There was nothing to worry about because she fell asleep on the way home. See a doctor, he said when the car had stopped, and she told him that she would.


Outside, the snow was getting worse. Touya could see the kid’s car through the window, the windshield of it already forming a fresh layer of opaque white.


“You should go before it gets bad,” he told him, but Syaoran wasn’t really paying attention. Sakura rubbed at one of her eyes with her fist. “Before it gets really bad,” she added, “offer Tomoyo a ride, too.”

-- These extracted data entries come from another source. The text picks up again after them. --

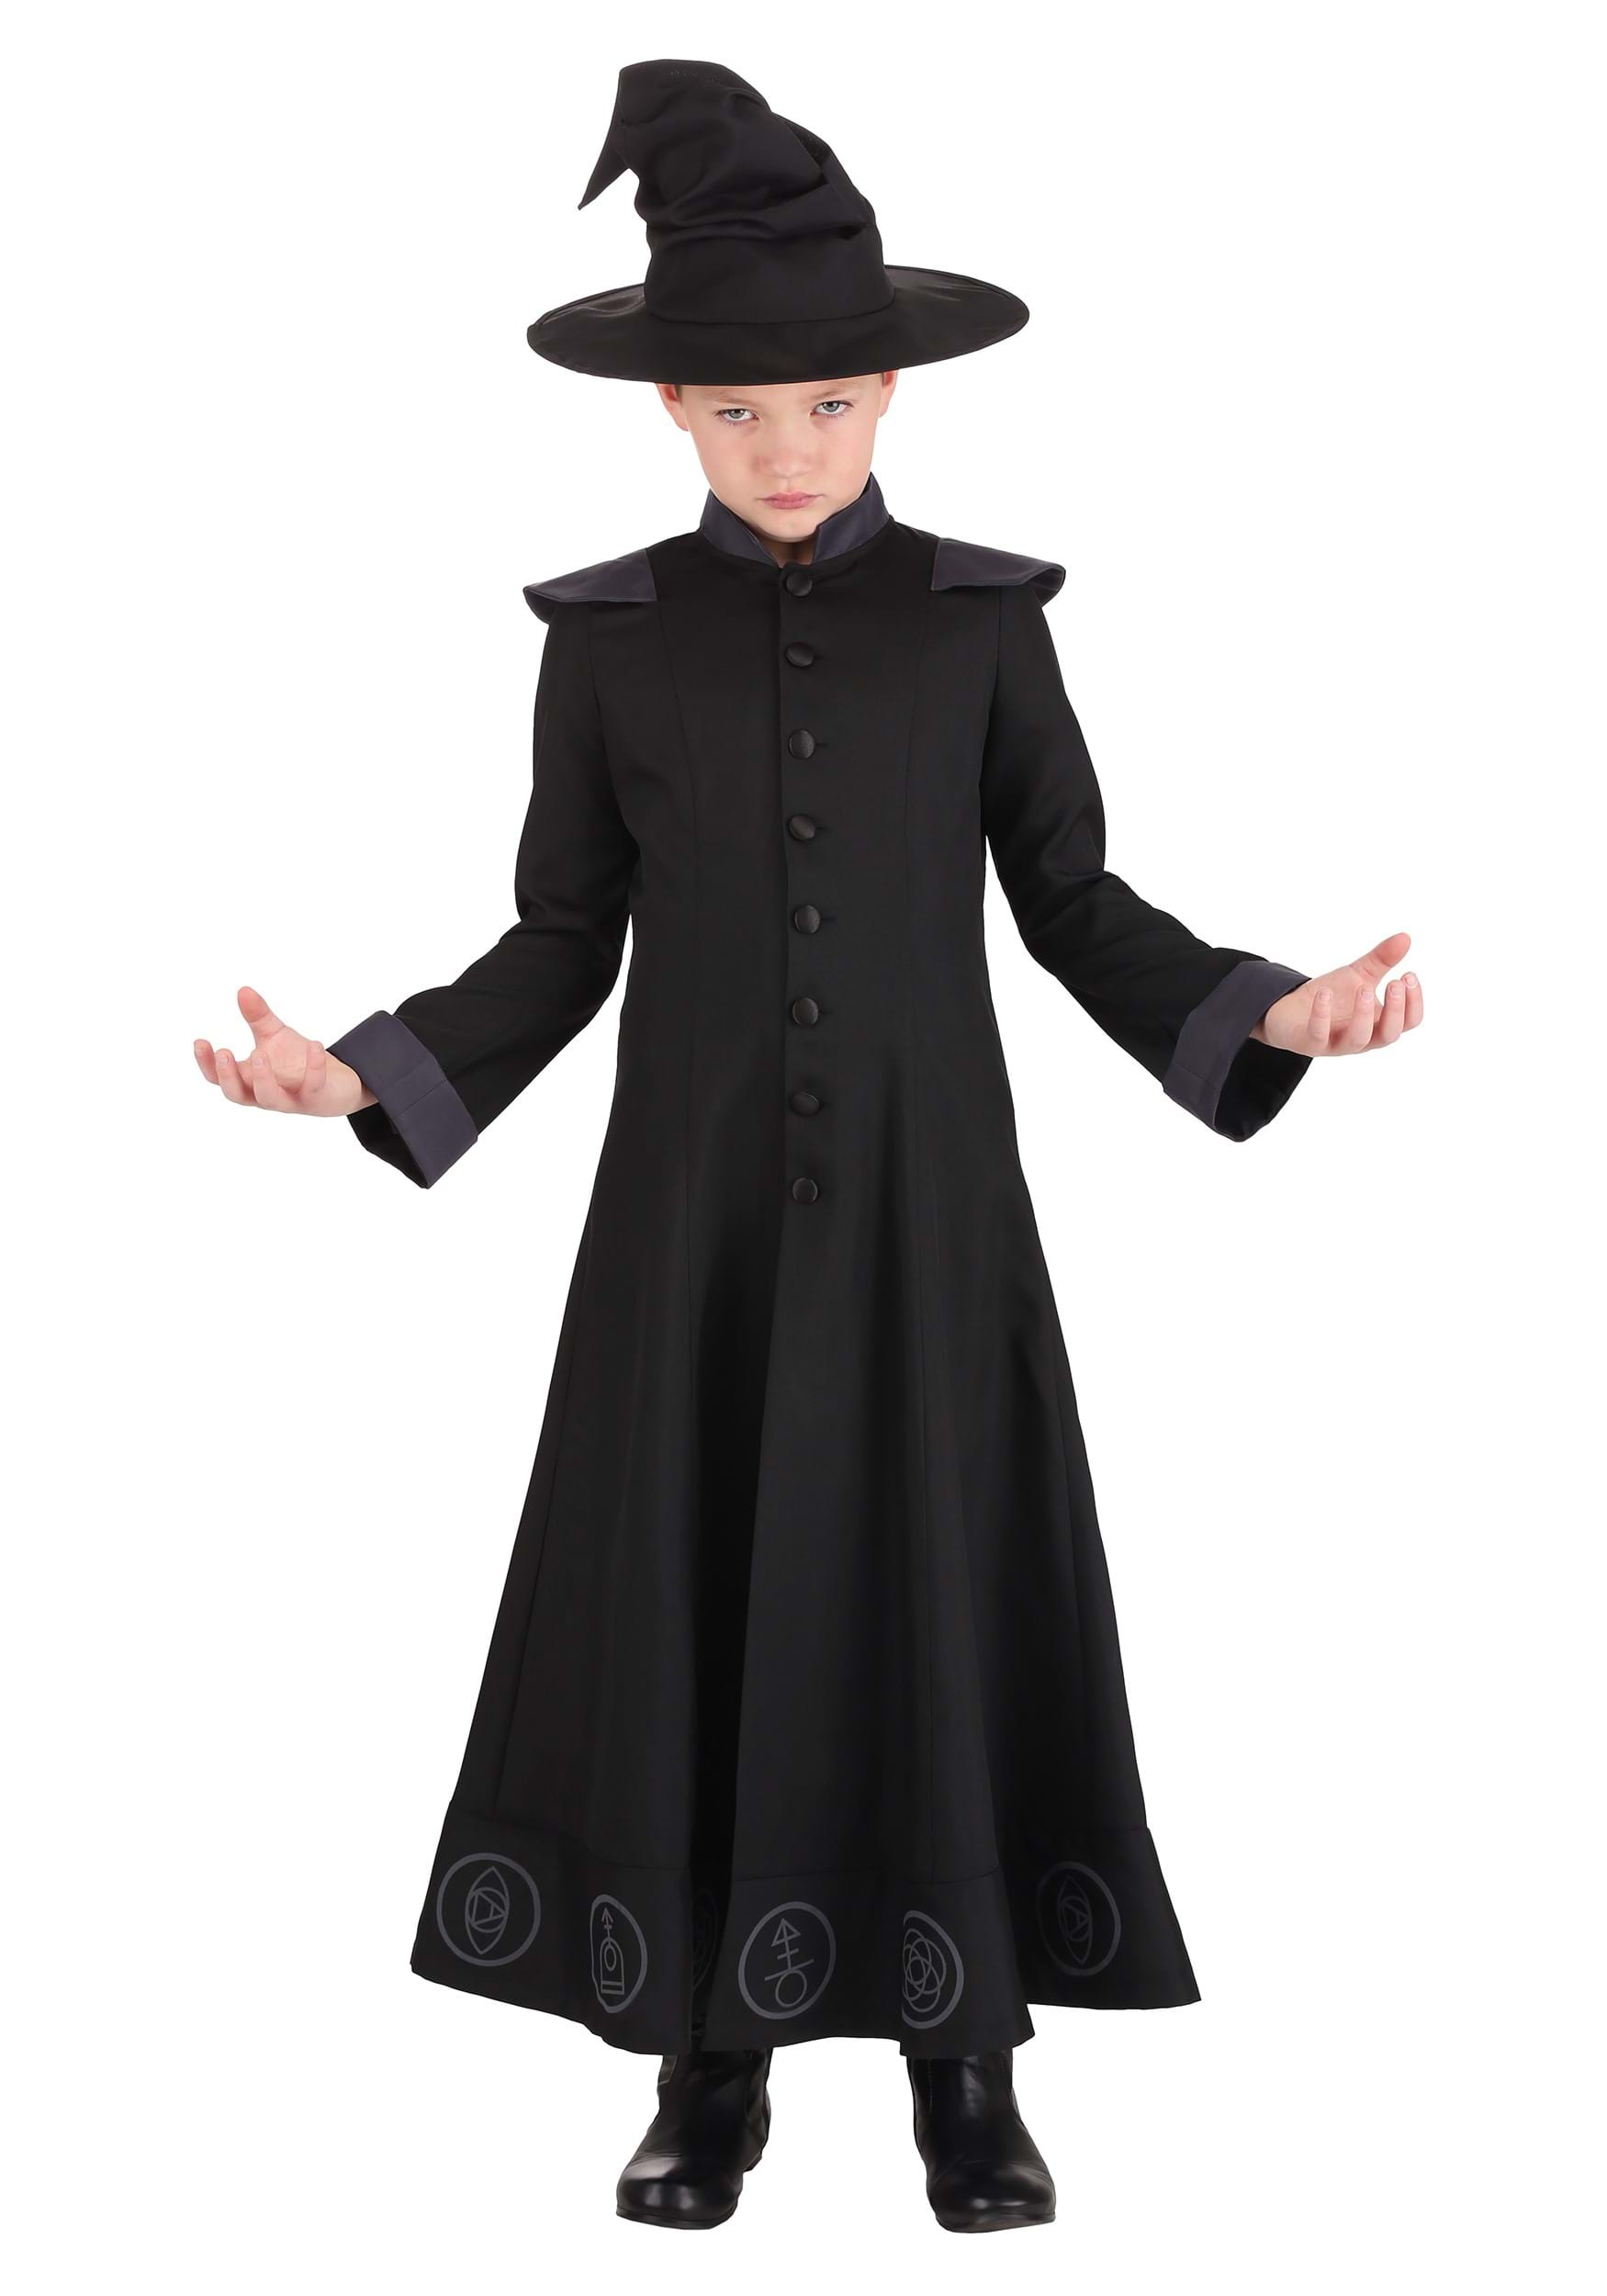 Photos - Fancy Dress FUN Costumes Warlock Kid's Costume Black
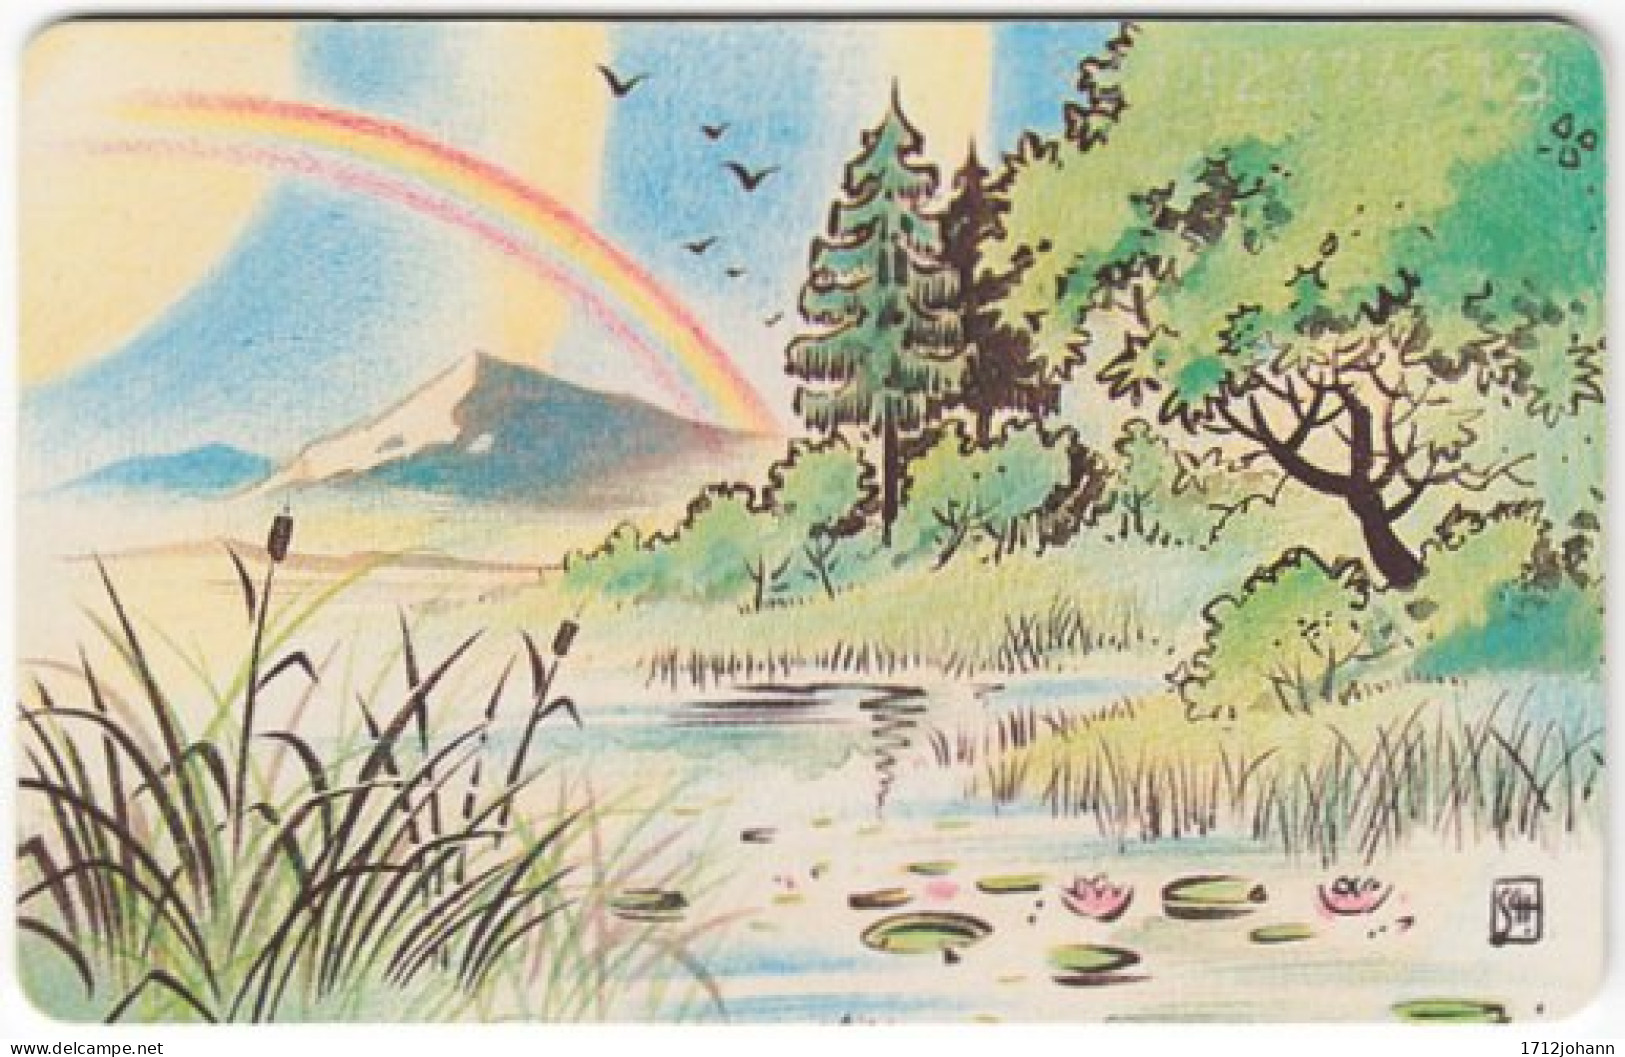 GERMANY B-Serie A-051 - 04 10.93 - Painting, Landscape, Rainbow - Used - B-Series: Benefizkarten
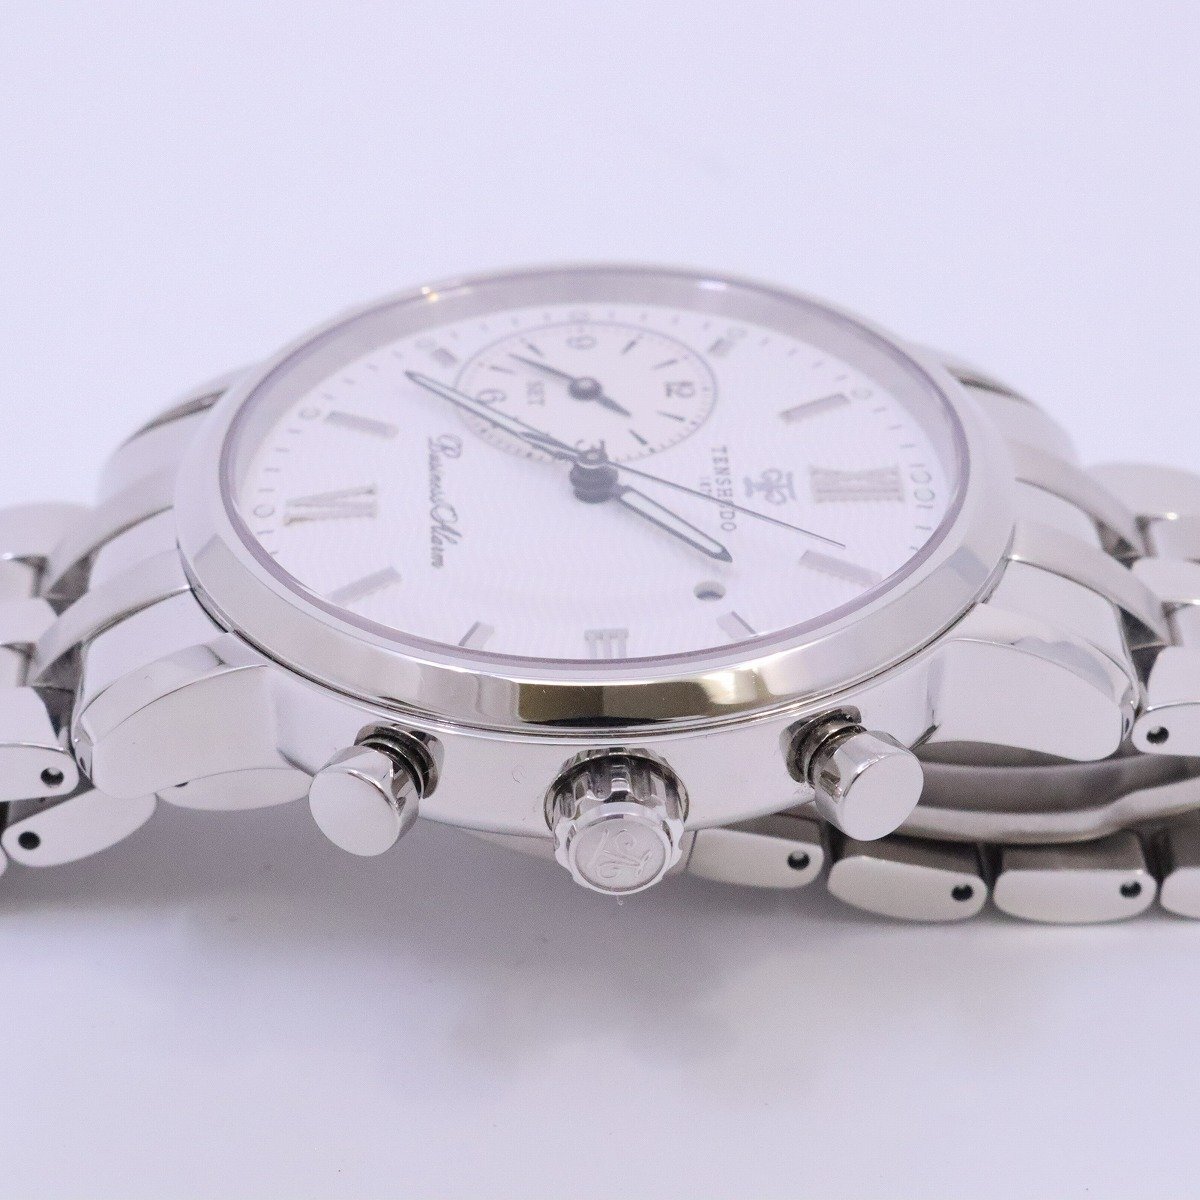 [ goods with special circumstances ] Tenshodo TENSHODO business alarm quartz men's wristwatch white face original SS belt change belt attaching [... pawnshop ]

Tomoyo. Who was nowhere in sight. She’d be calling one of them before the day was through, he was sure. She stayed with them in the nurse’s office, offering what limited resources she had, until Chiharu—apologetic for interrupting—said that nobody else knew what the hell they were doing with the costumes, and Sakura somehow convinced her to go. There had been something strange about the way they grabbed hands and looked at each other’s faces before she left. When Tomoyo was gone, Sakura put her head on his shoulder. I love you, she said.


What’s this all of a sudden?


I just wanted to let you know. And she squeezed her arm around his. I just wanted to let you know I love you.


“Get some rest,” was Syaoran’s answer. They didn’t kiss—Touya knew they wouldn’t—but the tangle of black and red gloves around their fingers squeezed together, and she smiled at him, which was worse.